Дальнейшее в Сониной памяти отложилось как-то смутно, отрывками. Отец Иларион действительно прочитал крайне проникновенную речь, от которой защипало в глазах. А его супруга и дочь очень трогательно исполнили a cappella[8] «Песнь прощального дня», после которой слезы навернулись снова.

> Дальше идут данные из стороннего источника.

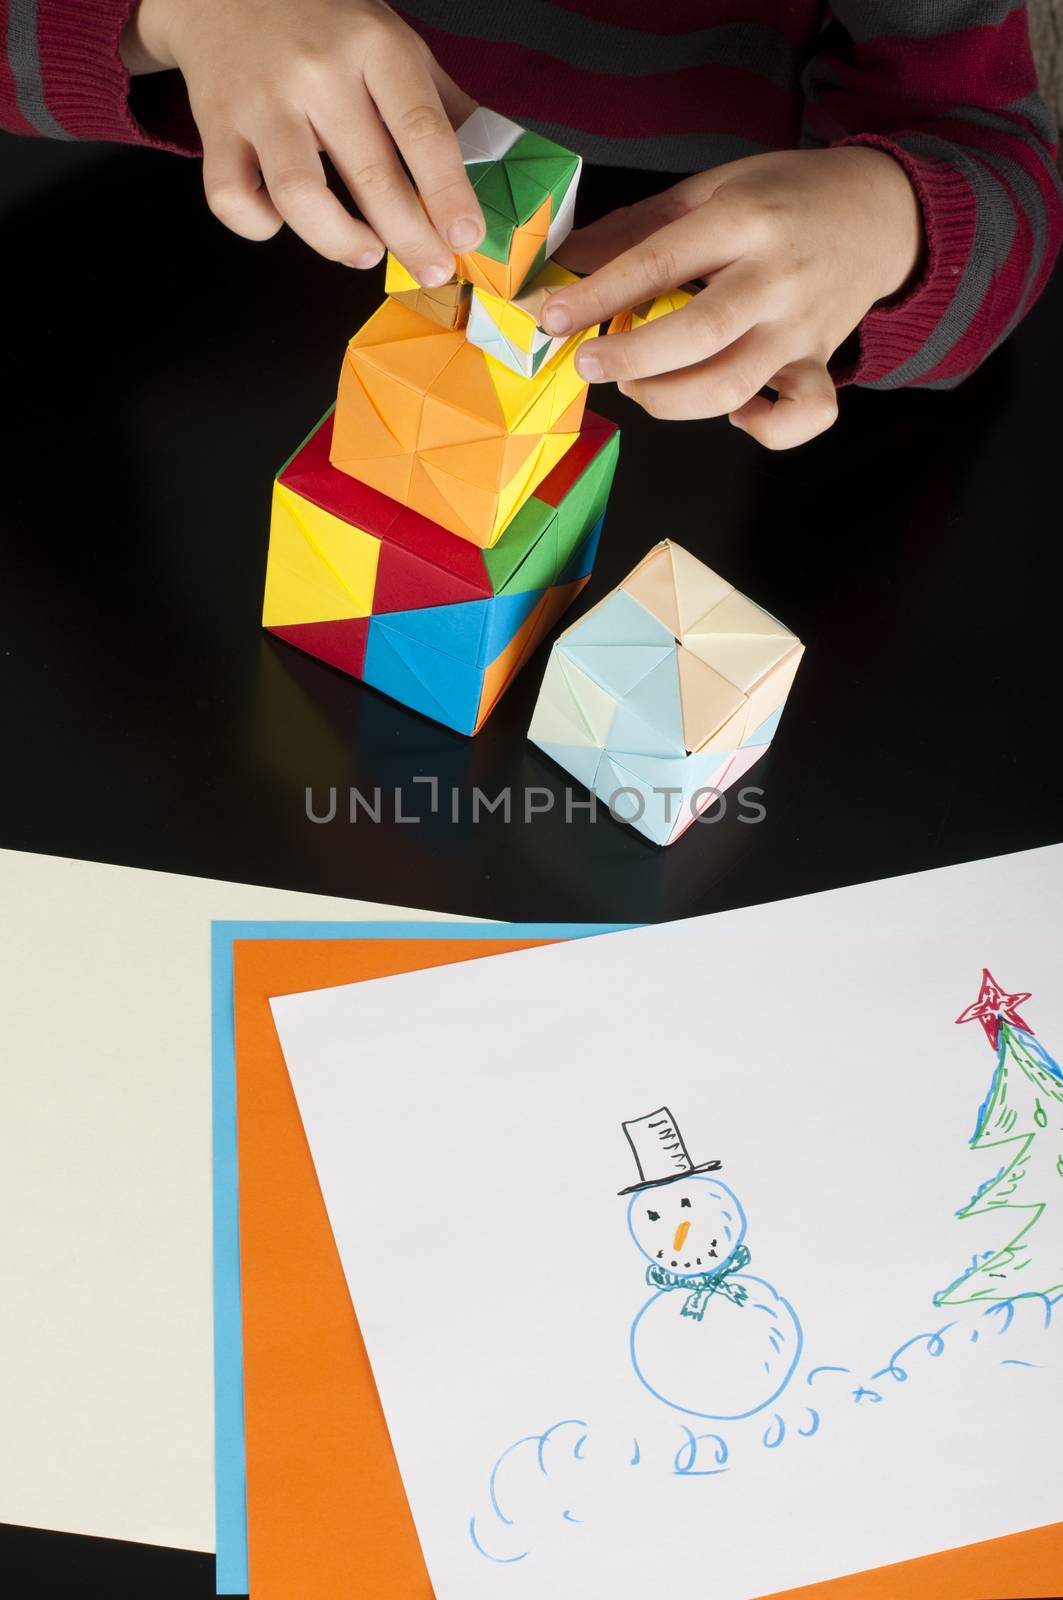 Boy playing with multicolored cubes by deyan_georgiev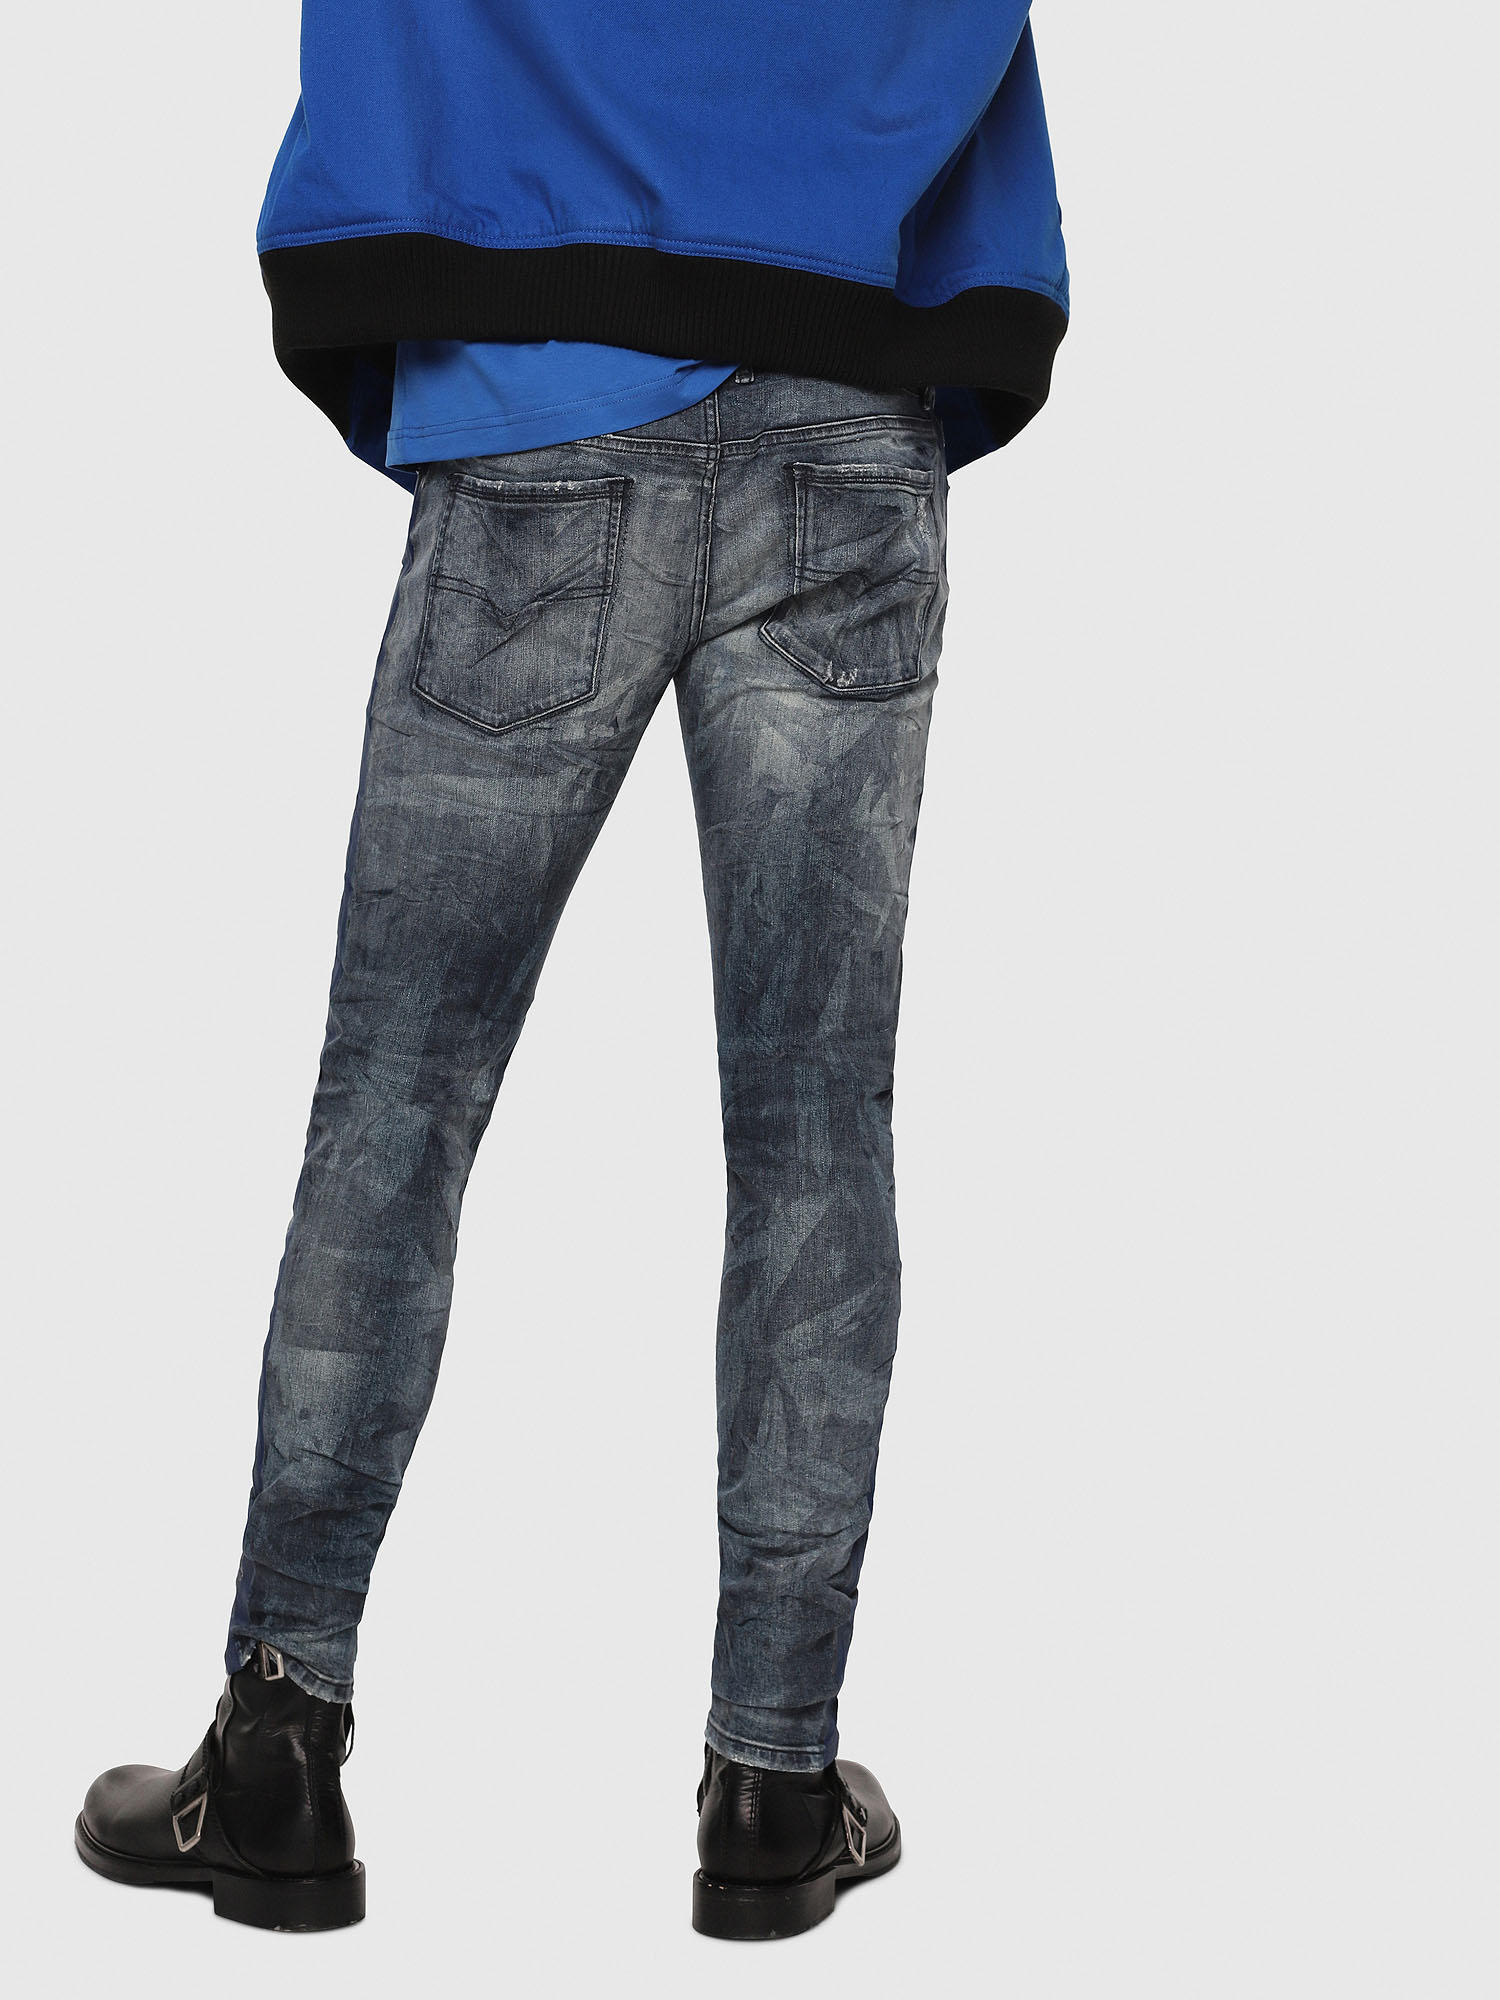 Men's Skinny Jeans | Shop on Diesel Official Store

Потом Соня наконец избавилась от лилий, почти не задержавшись у гроба. Не хотелось смотреть на желтое чужое незнакомое лицо. Нет, там лежала какая-то другая старушка, не имевшая ничего общего с живой Зубатовой.

Когда гроб начали опускать в землю, шумная дама подала знак музыкантам. И Соня приготовилась плакать снова, потому что обычно усопшие последней волей выбирали для этого момента что-нибудь душераздирающее и трагичное. Из Моцарта или Брамса.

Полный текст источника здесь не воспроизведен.